The present invention will be described in detail below with reference to the embodiments with reference to the attached drawings. It should be noted that the embodiments and features of the embodiments may be combined with each other without conflict.

As shown in FIGS. 1-7, a shear test system for metal materials under different axial force loading conditions comprises a frame, a tensile loading device and a shearing device, wherein the tensile loading device and the shearing device are assembled on the frame.

The tensile loading device comprises: the clamping tool comprises a front clamping part 9 and a rear clamping part 7 which are horizontally distributed at intervals; the tensile loading oil cylinder 11 is connected with the tail part of the front clamping part 9 through a piston rod 10 so as to apply axial tensile force to the sample; tensile static force sensor 6, tensile static force sensor 6 links firmly with the afterbody of back clamping part 7 to the tensile force that the real-time recording sample bore.

The shearing device comprises: a shear ram 5, the shear ram 5 being located above a gap between the front 9 and rear 7 clamping portions; the shearing static force sensor 4 is connected with the upper part of the shearing pressure head 5 so as to record the shearing force born by the sample in real time; the shearing loading oil cylinder 3 is connected with the upper part of the shearing static force sensor 4 so as to apply radial shearing force to the sample; cut support 8, cut support 8 and set firmly in the frame, cut the upper portion of support 8 and be located between preceding clamping part 9 and the back clamping part 7 to enclose jointly and close the space of placing that forms and be used for placing the sample, cut the below that support 8 is located the sample, cut support 8 have with place the direction passageway of space intercommunication for the cooperation is cut pressure head 5 and is reciprocated. The shearing support 8 is used for fixing two sides of a shearing position of the sample, so that the shearing pressure head 5 can apply shearing force on the preset position of the sample conveniently.

When the shearing-resistant experiment system is used, the metal material samples are rod bodies with different diameters and different lengths. The metal material sample is fixed between the clamping tool and the shearing support 8. The shear ram 5 can be replaced as required by the experiment.

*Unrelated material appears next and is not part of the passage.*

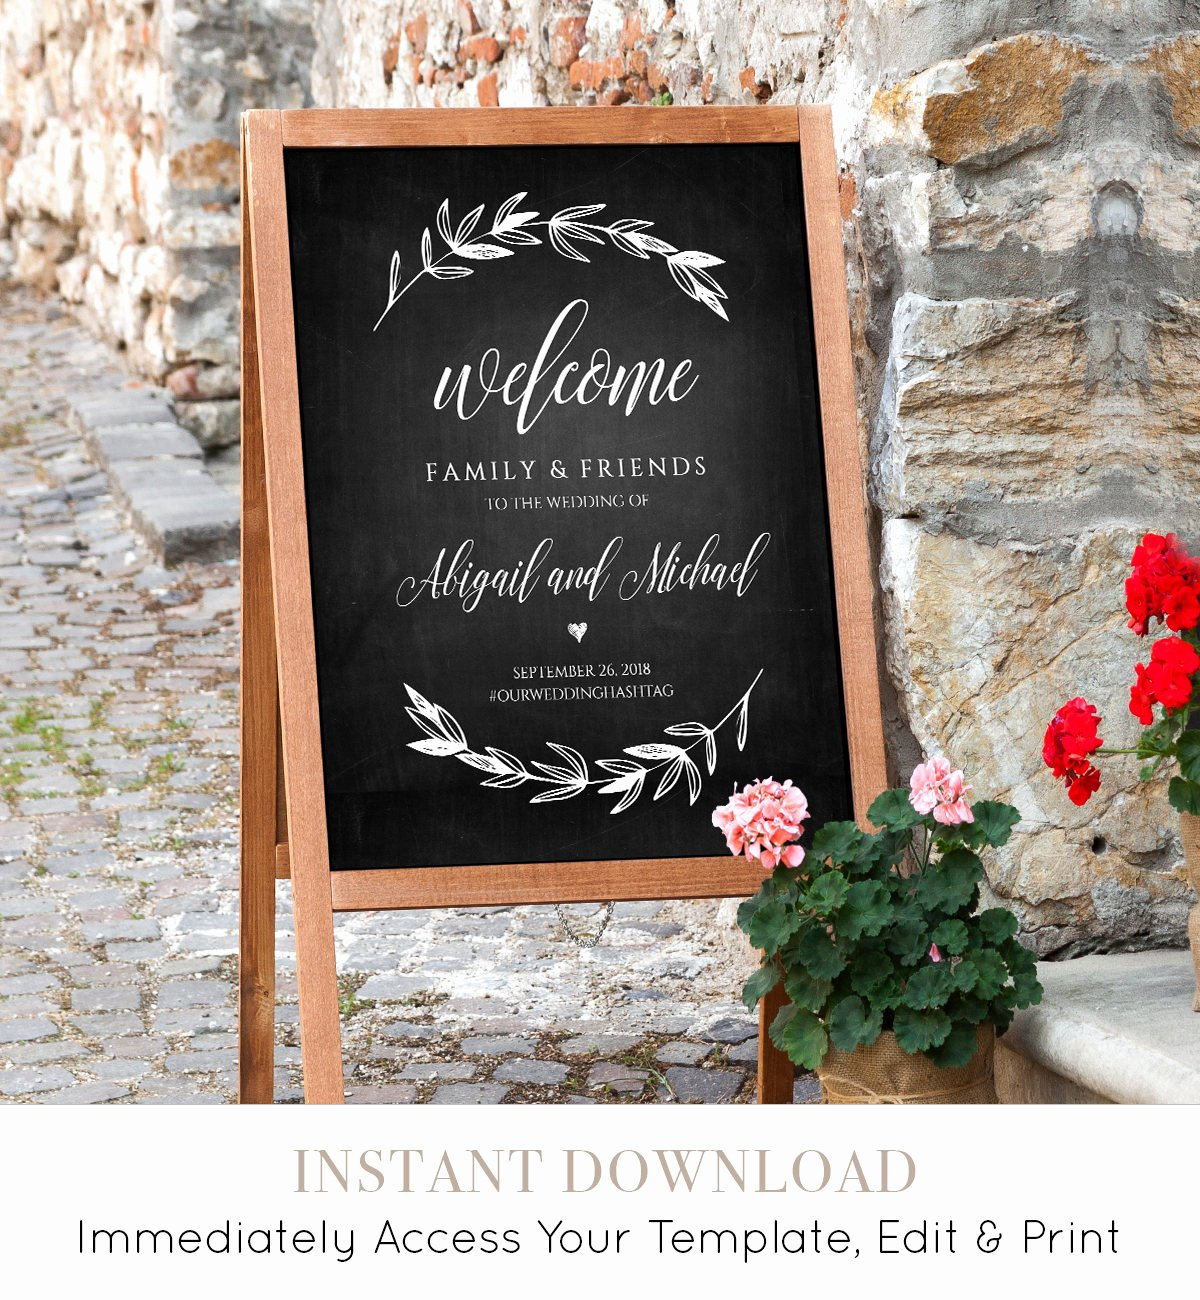 Wedding Welcome Sign Template Best Of Wedding Wel E Sign Template Chalkboard Wedding Poster

In another alternative embodiment of the present invention, as shown in fig. 5, the shear support 8 comprises two L-shaped plates 801, the two L-shaped plates 801 together enclosing a guide channel; the upper parts of the two L-shaped plates are correspondingly provided with first notches 802 which are matched with the test sample and have upward openings. Through setting up first breach 802, can increase the area of contact of sample and shear support 8, be the face contact between the two to can play better supporting role.

The cross-sectional shape of the first notch 802 is a circular arc having an angle of not more than 180 degrees, preferably an angle of 180 degrees, i.e., the cross-sectional shape of the first notch 802 is a semicircle.

In some embodiments of the present invention, shear support 8 may also be a unitary structure; for example, the shearing support 8 is provided with a guide groove matched with the shearing pressure head, the opening of the guide groove faces upwards, and the guide groove forms a guide channel.

In some embodiments of the utility model, the upper end face of the shear support 8 is in direct contact with the sample, with a line contact between the two.

In another alternative embodiment of the utility model, the central axis of the shear ram 5 intersects the central axis of the sample perpendicularly.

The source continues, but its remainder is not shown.